WORK TASK: When you reach the line with "Ein romantisches Gässchen in Venedig" in the records below, begin transcribing exactly and continue up to and including the line with "Bianco Lucci Kadın", leaving out every picture.

RECORDS SUPPLIED:
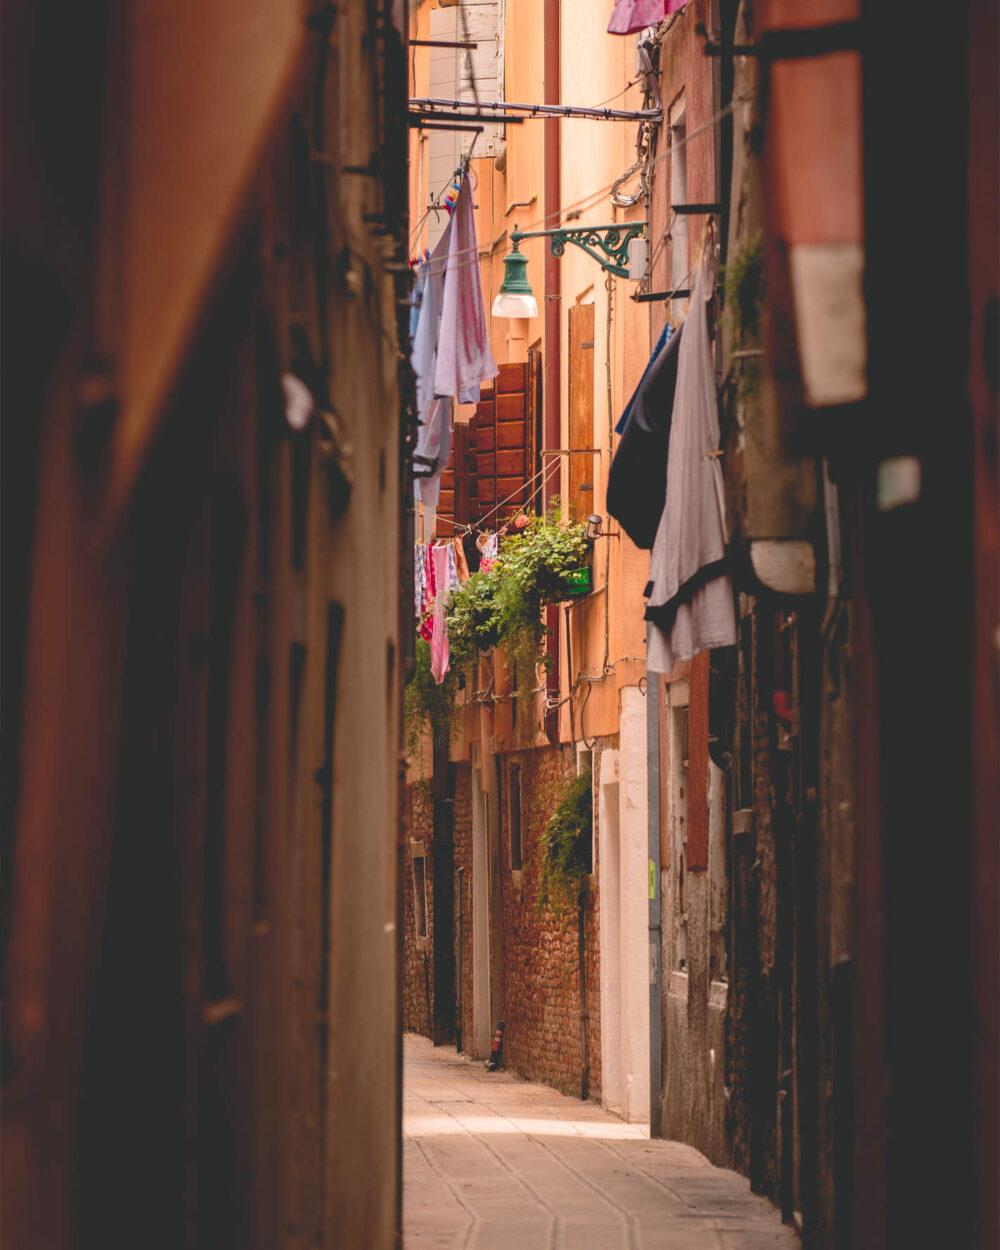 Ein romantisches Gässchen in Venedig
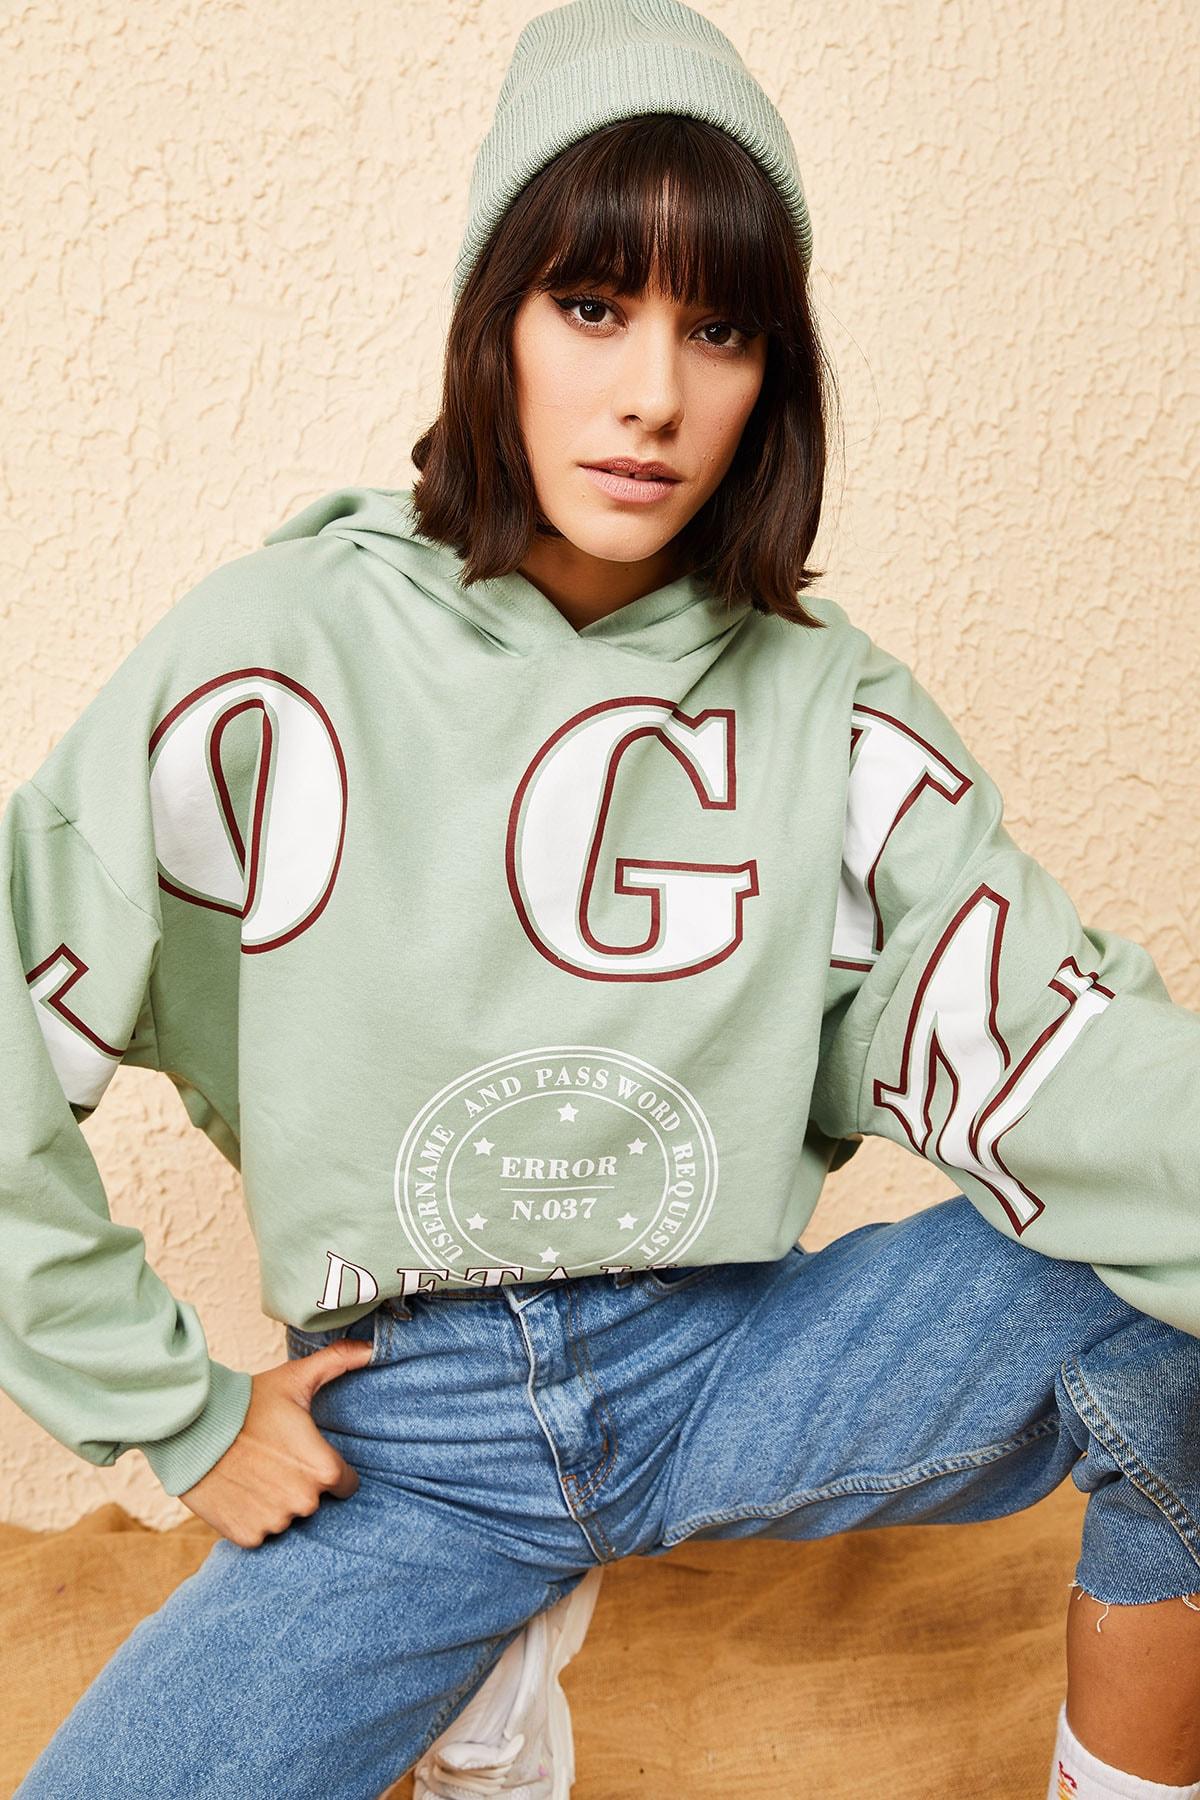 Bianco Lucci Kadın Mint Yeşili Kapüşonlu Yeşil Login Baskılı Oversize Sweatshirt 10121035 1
...
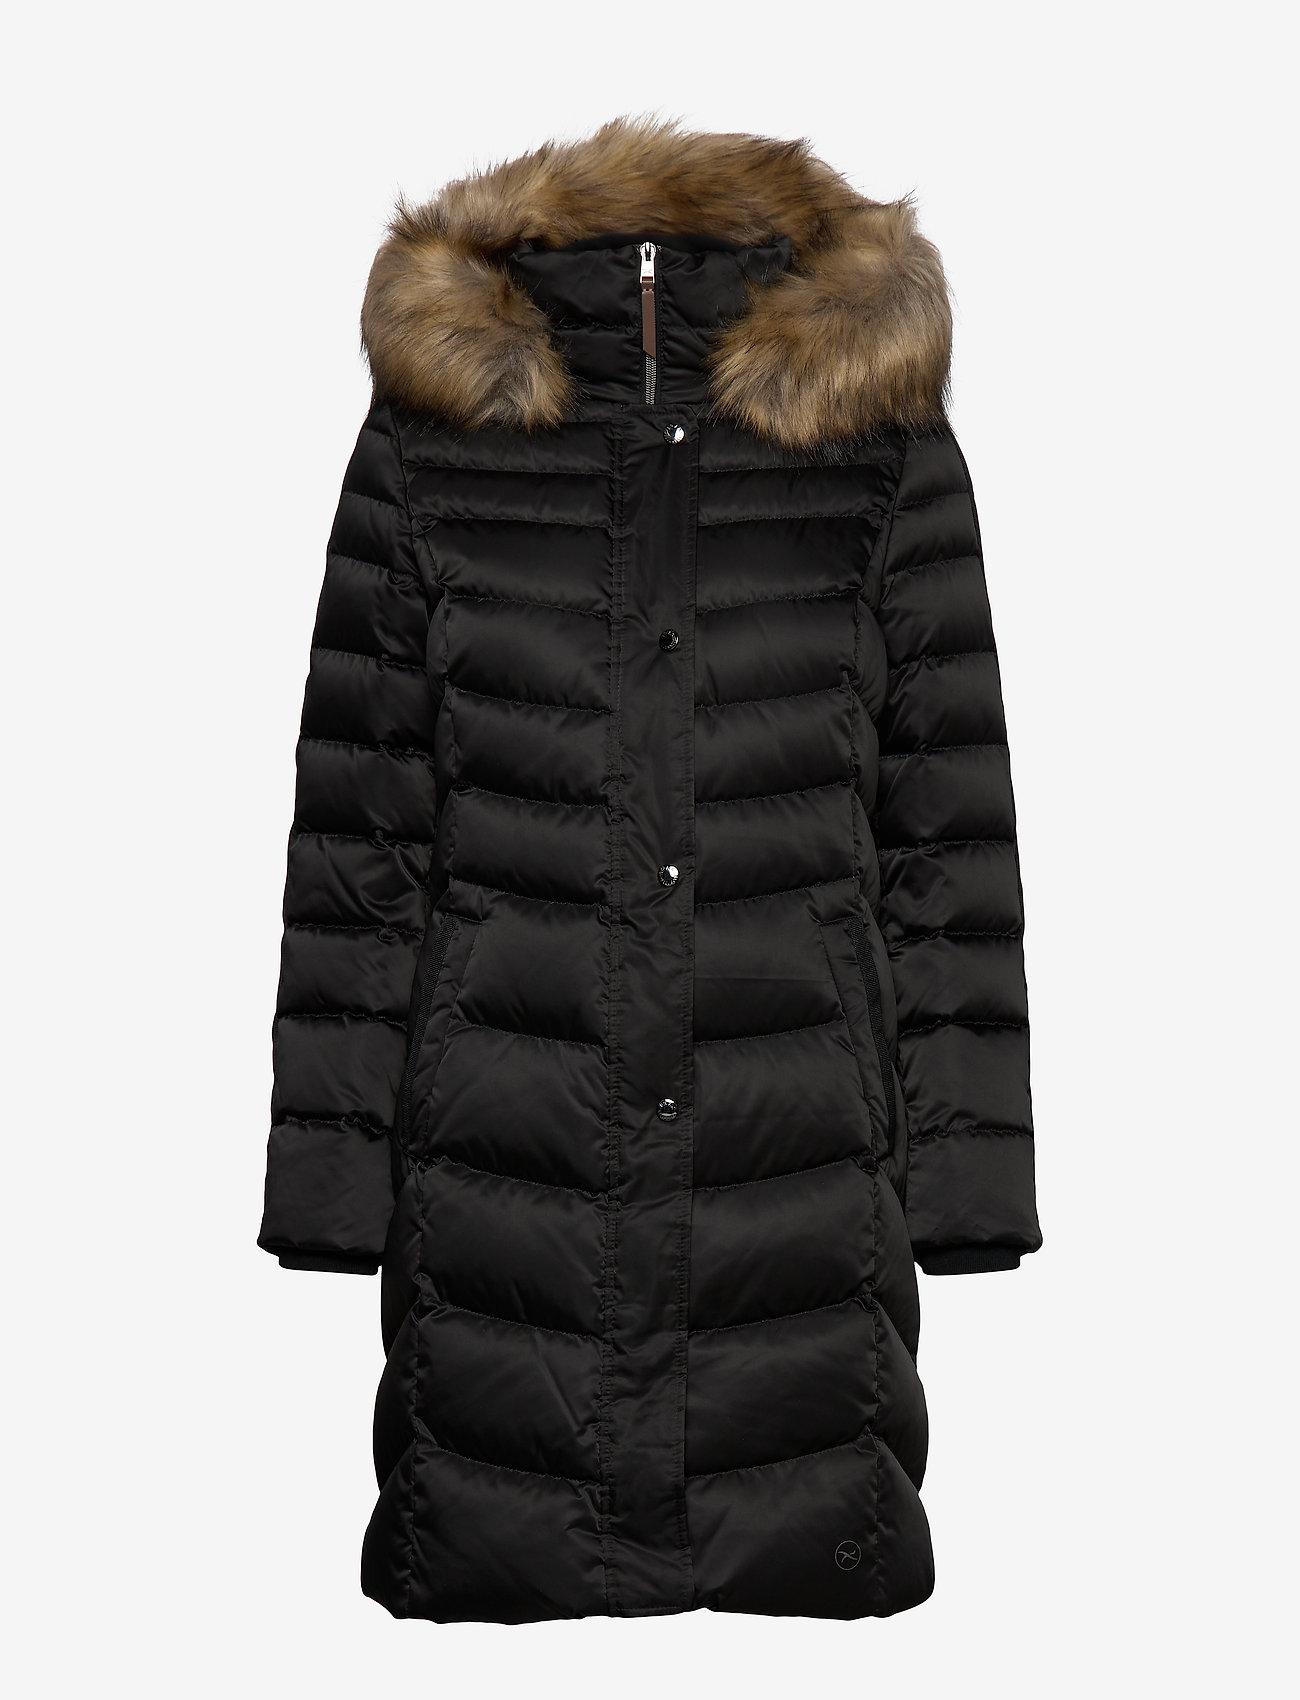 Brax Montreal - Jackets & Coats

WRITTEN SOLUTION:
 Ein romantisches Gässchen in Venedig
 Bianco Lucci Kadın Mint Yeşili Kapüşonlu Yeşil Login Baskılı Oversize Sweatshirt 10121035 1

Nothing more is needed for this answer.